● Information supplied:
'''
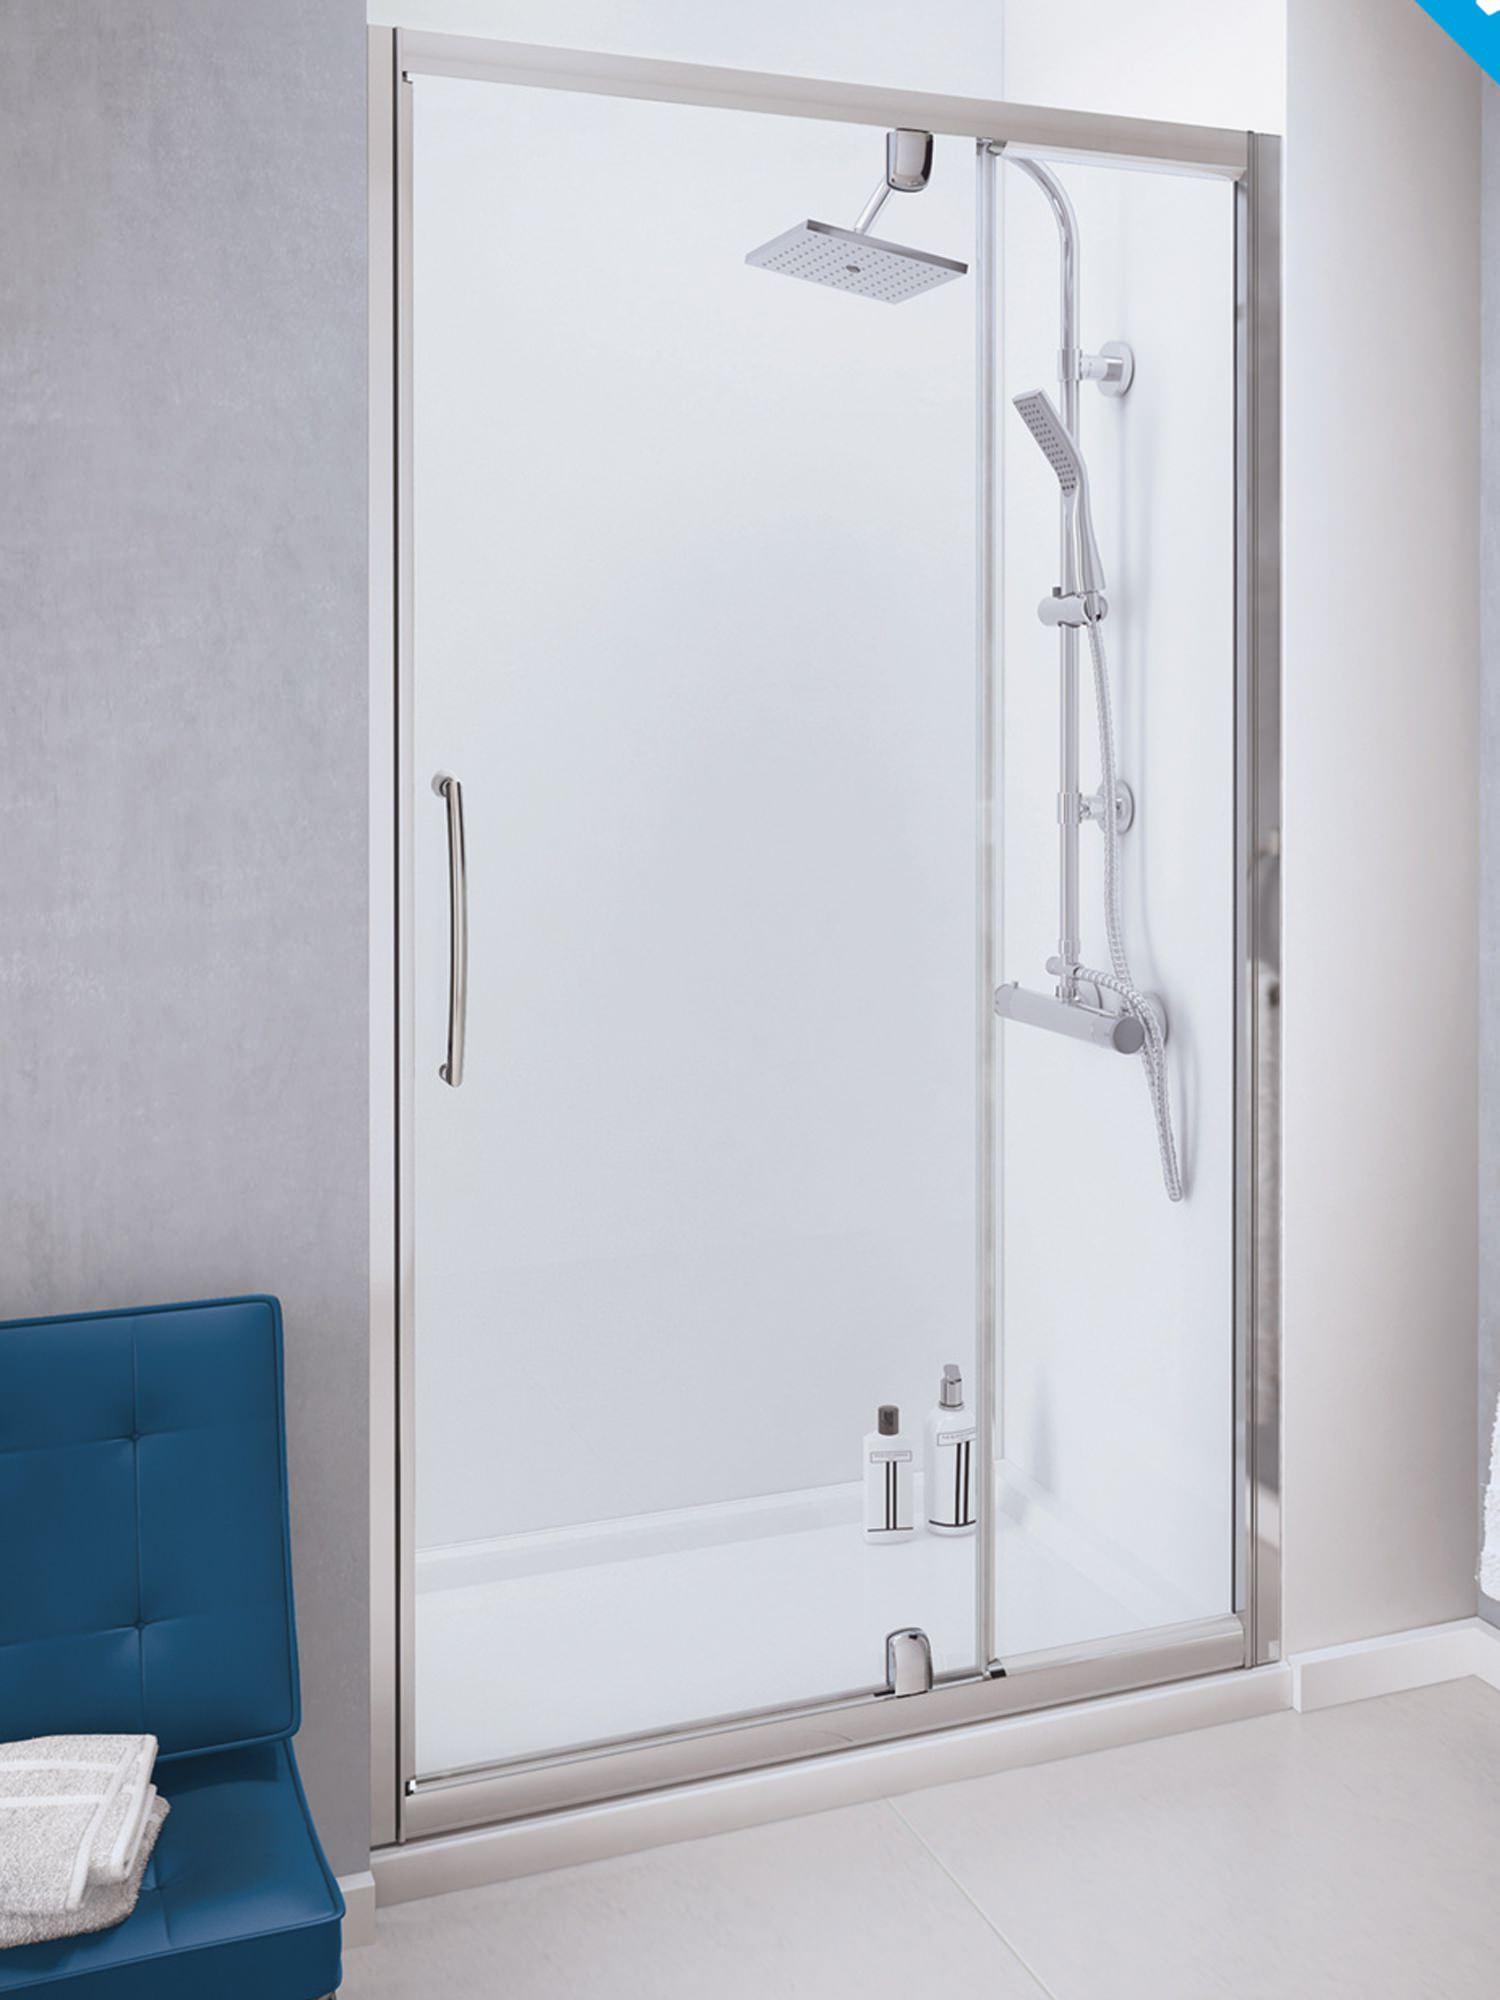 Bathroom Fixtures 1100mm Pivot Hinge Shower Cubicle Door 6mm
'''
'''
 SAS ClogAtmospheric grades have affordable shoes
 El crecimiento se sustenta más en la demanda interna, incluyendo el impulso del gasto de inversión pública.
'''
'''
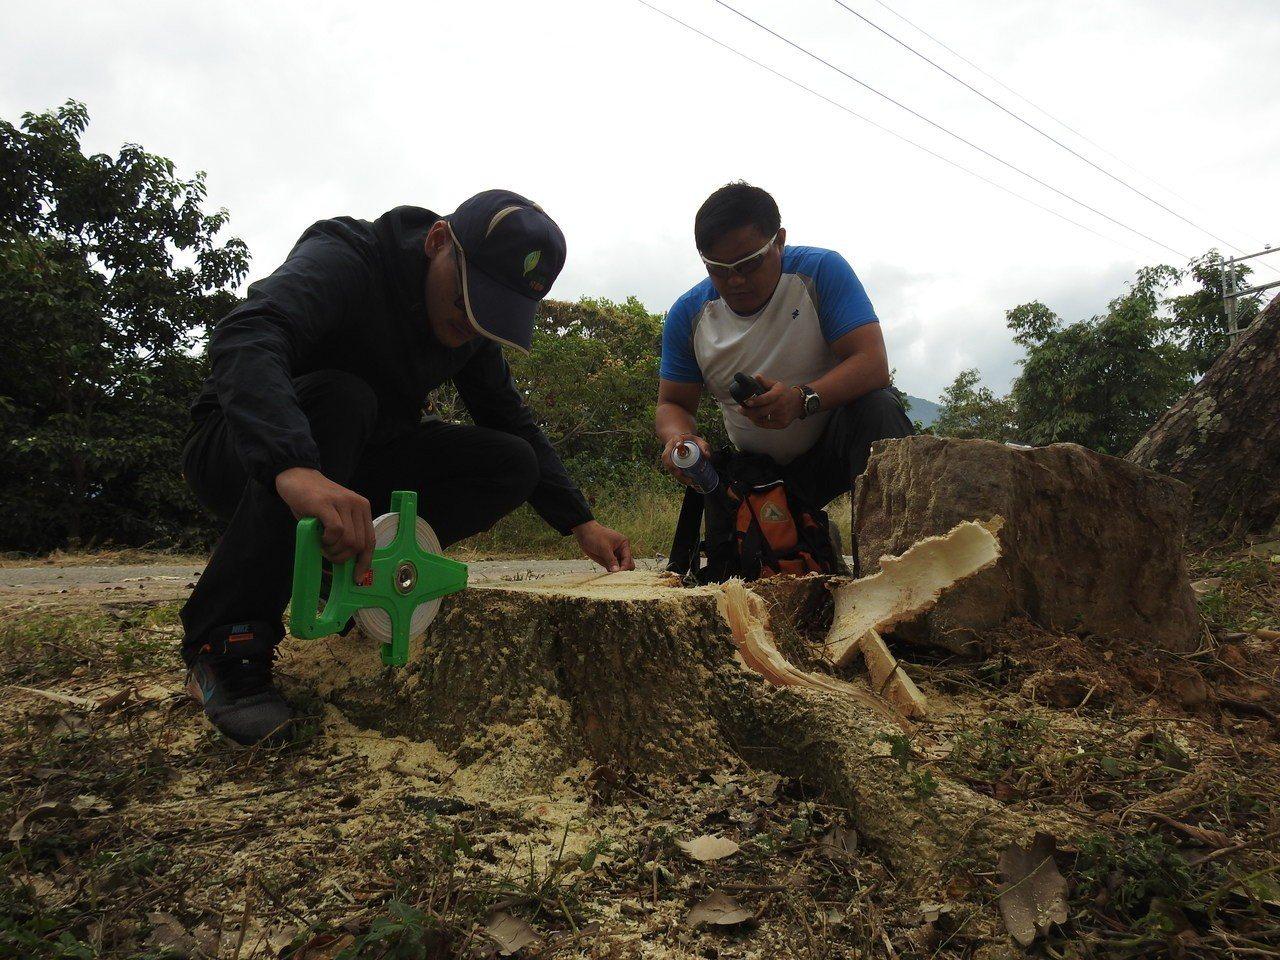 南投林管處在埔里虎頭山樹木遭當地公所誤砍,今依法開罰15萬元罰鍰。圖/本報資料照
'''
● Work instruction: What is needed is an exact copy of the lines above, from the one containing "SAS ClogAtmospheric grades" through the one containing "El crecimiento se", with nothing added.

● Task output:
 SAS ClogAtmospheric grades have affordable shoes
 El crecimiento se sustenta más en la demanda interna, incluyendo el impulso del gasto de inversión pública.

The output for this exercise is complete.